The Milky Way is now a sphere (trust me)

We are bounded in a nutshell of Infinite space: Blog Post #6, Worksheet # 3.1, Problem #3: The Milky Way is now a sphere (wait for it)

3. Last time we approximated the shape of our Galaxy as a cylinder. This time it will be a sphere. If there are no other large-scale forces other than gravity (a good approximation in most galaxies), then an object’s orbit around the galactic center will be approximately circular.

(a) Show that Kepler’s 3^rd can be expressed in terms of the orbital frequency \(\Omega \equiv  2\pi / P \) (i.e. orbits/time) and the distance from the center  \[r^3 \Omega^2 = GM_{tot} \]

(b) Now, assume that the Milky Way has a spherical mass distribution – this is a good approximation when talking about the total mass distribution. Using what you learned from Problem 2 (Gravitational Shell Theorem), rewrite the above for an object orbiting a radius r from the center of the galaxy.

(c) Next, let’s call the velocity of this object at a distance r away from the center, \(v(r)\). Use Kepler’s Third Law as expressed above to derive \(v(r)\) for a mass m if the central mass is concentrated in a single point at the center (with mass \(M_{enc}\), in terms of \(M_{enc}\), \(G\), and \(r\). This is known as the Keplerian rotation curve. As you saw earlier, it describes the motion of the planets in the solar system, since the Sun has nearly all of the mass.

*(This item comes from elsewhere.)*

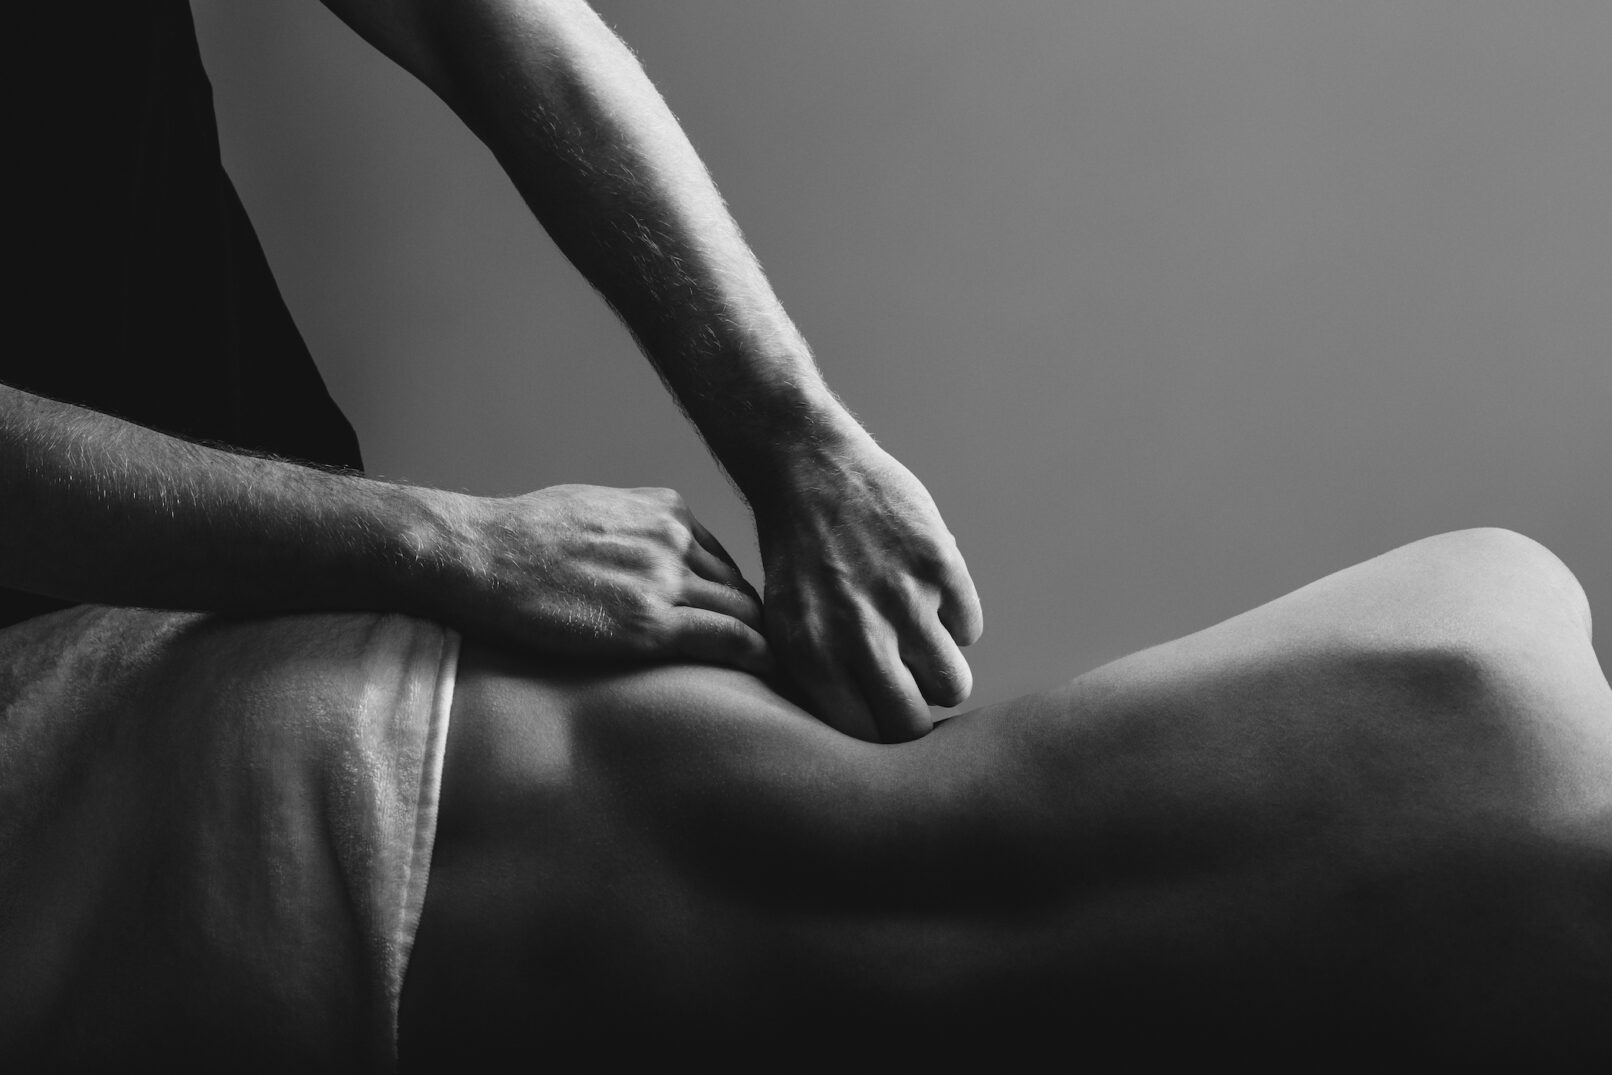 Moma masaż — sesja reklamowa studia masażu 1

(a) First off, let us establish what, exactly, is Kepler’s third law. As described by: \[P^2 = \frac{4 \pi^2 a^3}{ GM_{tot}} , \] the equivalency states how, depending on the semi major axis of the ellipse of the rotation of the celestial body (a) and the total mass of the object, the period of rotation changes. This same description of orbital period (P) can be expressed in terms of the orbital frequency, the amount of rotations in a given time. Using the equation \[\Omega \equiv  2\pi / P , \] for orbital frequency \(\Omega\), \(P\) can be solved for and thus get: \[ P \equiv  2\pi / \Omega , \] which can now be placed directly into Kepler’s Third Law Equation: \[(2\pi / \Omega)^2 = \frac{4 \pi^2 a^3}{ GM_{tot}} , \] and now solved for when the orbit approximates a circle and thus the semi major axis a is also the r of the circle,

\[\frac {4\pi^2}{\Omega^2} = \frac{4 \pi^2 r^3}{ GM_{tot}} , \]

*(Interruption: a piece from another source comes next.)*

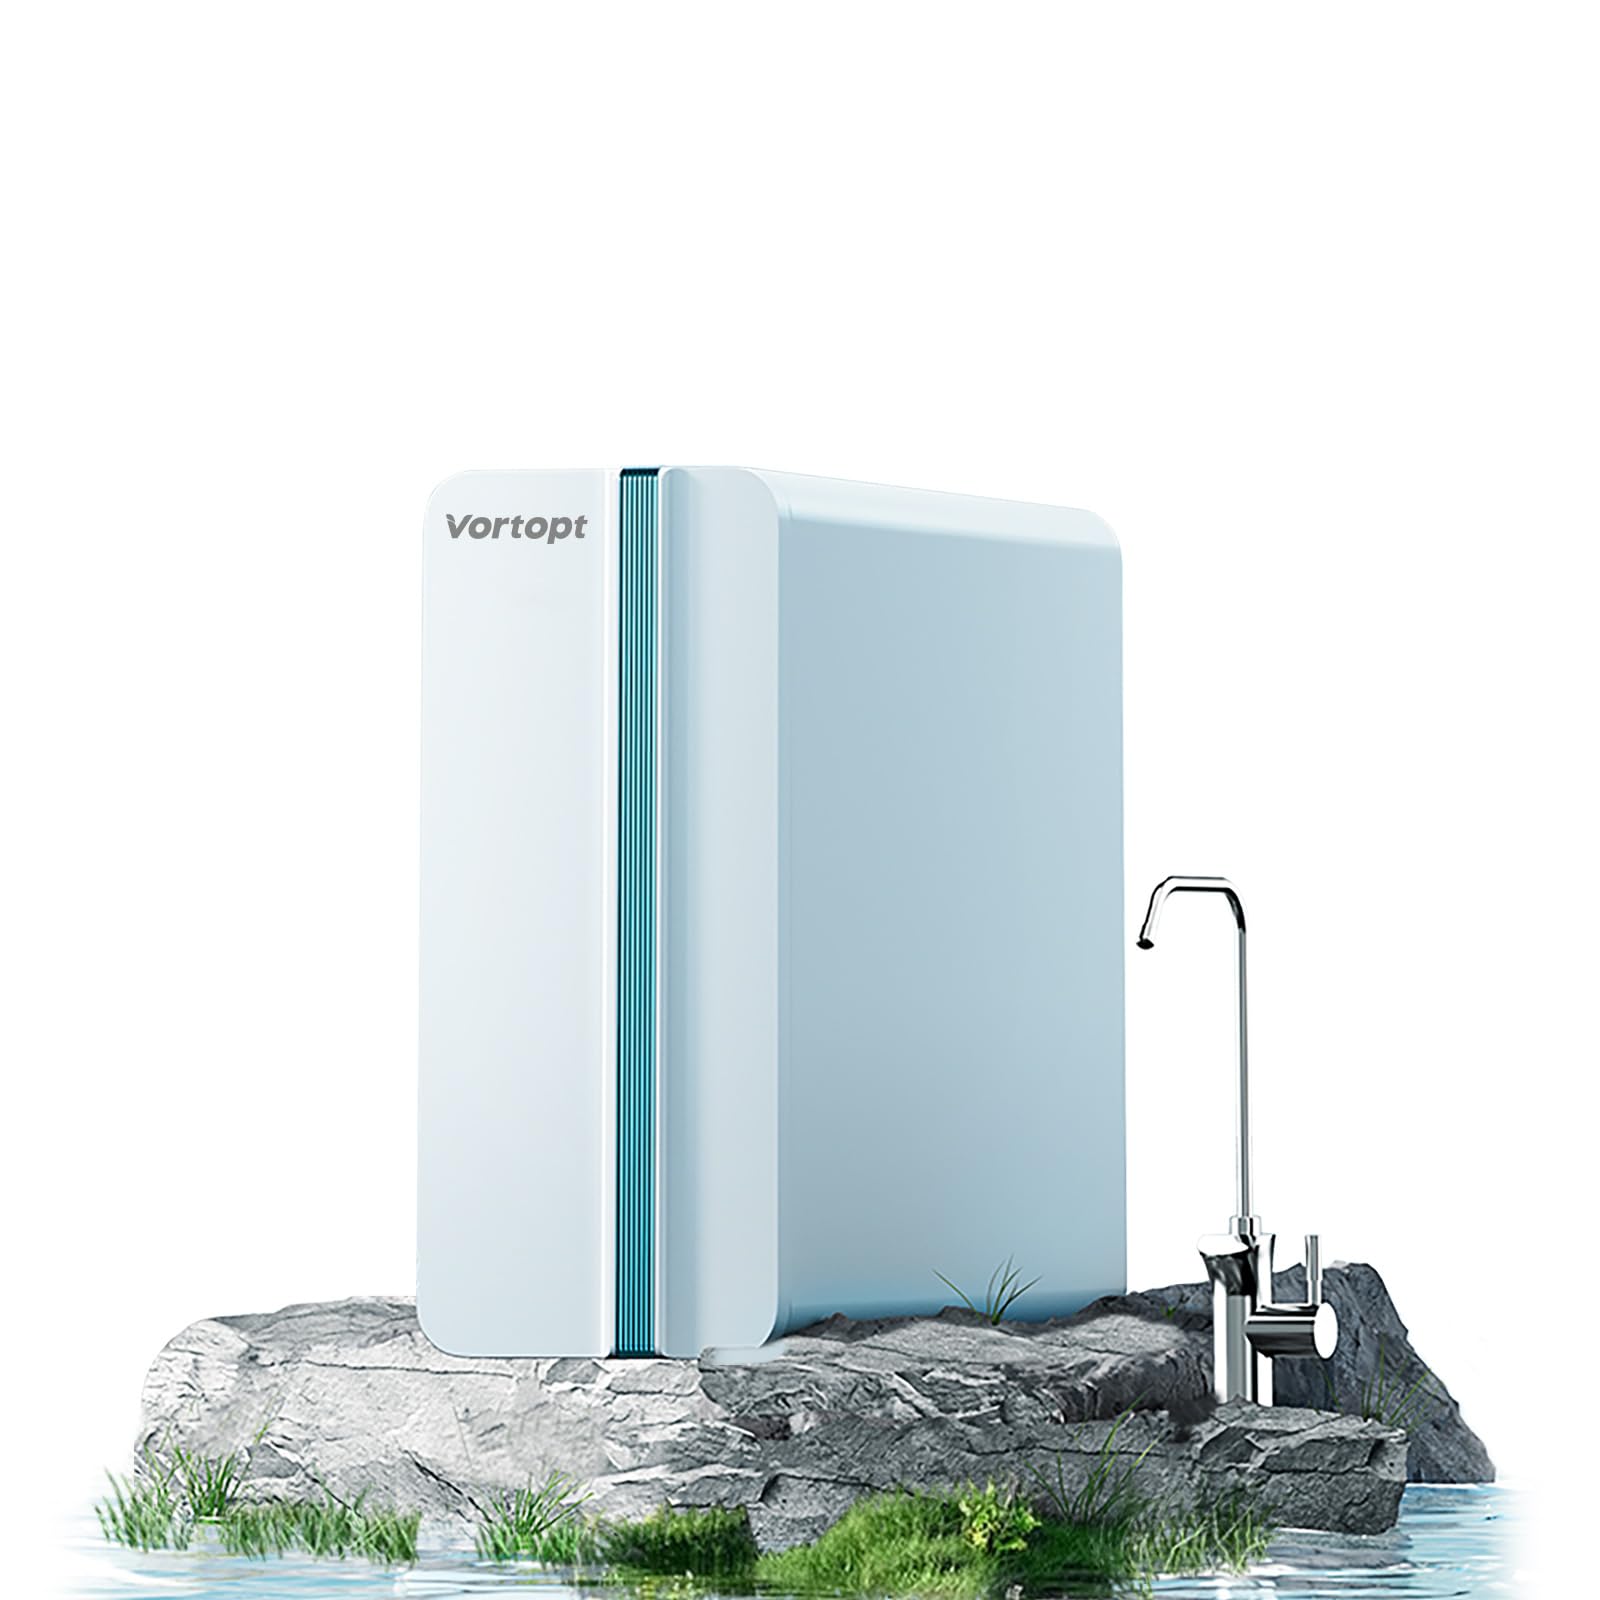 DR5-1000G-Vortopt Reverse Osmosis Water Filter -

\(4 \pi ^2\) is canceled on both sides and figures are cross multiplied,

\[ GM_{tot} = r^3 \Omega^2 , \]

Which is identical to the original equation the problem asked us to prove.

\[r^3 \Omega^2 = GM_{tot} \]

(b) What this problem refers to is the Shell Theorem, a description of astrophysical phenomenon, specifically gravity when great amounts of matter exist in an area, from a particular perspective. The shell theorem explains how, when an object is found in concentric circles (spheres in 3 dimensions) which all have matter, and thus gravity, then the particular object will feel only the gravity of the masses (shells) that are more inward than his present position. Thus the gravity of outside shells is negligible if existent, and all the gravitational force is felt towards the center of the gravitational shells.

If this idea is extrapolated for a spherical galaxy (as the problem describes), then the gravity any observer feels is only towards the center of the spherical galaxy, not towards that which is farther away from the center than the observer. This becomes an alteration for Kepler’s Third law equation we just saw, changing the \(M_{tot}\) to \(M_{tot}  - M_{ext}\), and producing: \[r^3 \Omega^2 = G (M_{tot}  - M_{ext}), \], and now describing \(M_{tot}  - M_{ext}\) as the mass enclosed to the inner spherical shells \(M_{enc}\) we now have the equation:  \[r^3 \Omega^2 = GM_{enc}, \] relating the Shell Theorem to the rotation of an object from the center of the galaxy.

(c) Now, to obtain \(v(r)\), the equation must be reworked with the knowledge of orbital velocities as well. Orbital velocity \(\omega\), which is the same as \(v(r)\), is defined by: \[\omega = \frac {2\pi}{P} r.\] In this iteration of the equation, the \(r\) is specifically separated to illustrate how  the value of orbital frequency \(\Omega\) is clearly present in orbital velocity. The equation can now be re written as \[\omega = \Omega r,\] and can now be solved as \[\Omega = \frac{\omega}{ r}.\] Placed into the original Keplerian equation as:\[r^3 \Omega^2 = GM_{enc}, \] \[r^3 \left(\frac{\omega}{ r}\right)^2 = GM_{enc}, \] \[r \omega^2 = GM_{enc}, \] \[\omega^2 = \frac{GM_{enc}}{r}, \] \[ v(r)  = \left(\frac{GM_{enc}}{r}\right)^\frac{1}{2} . \] This is the formula for predicting rotation curves and speeds of a galaxy.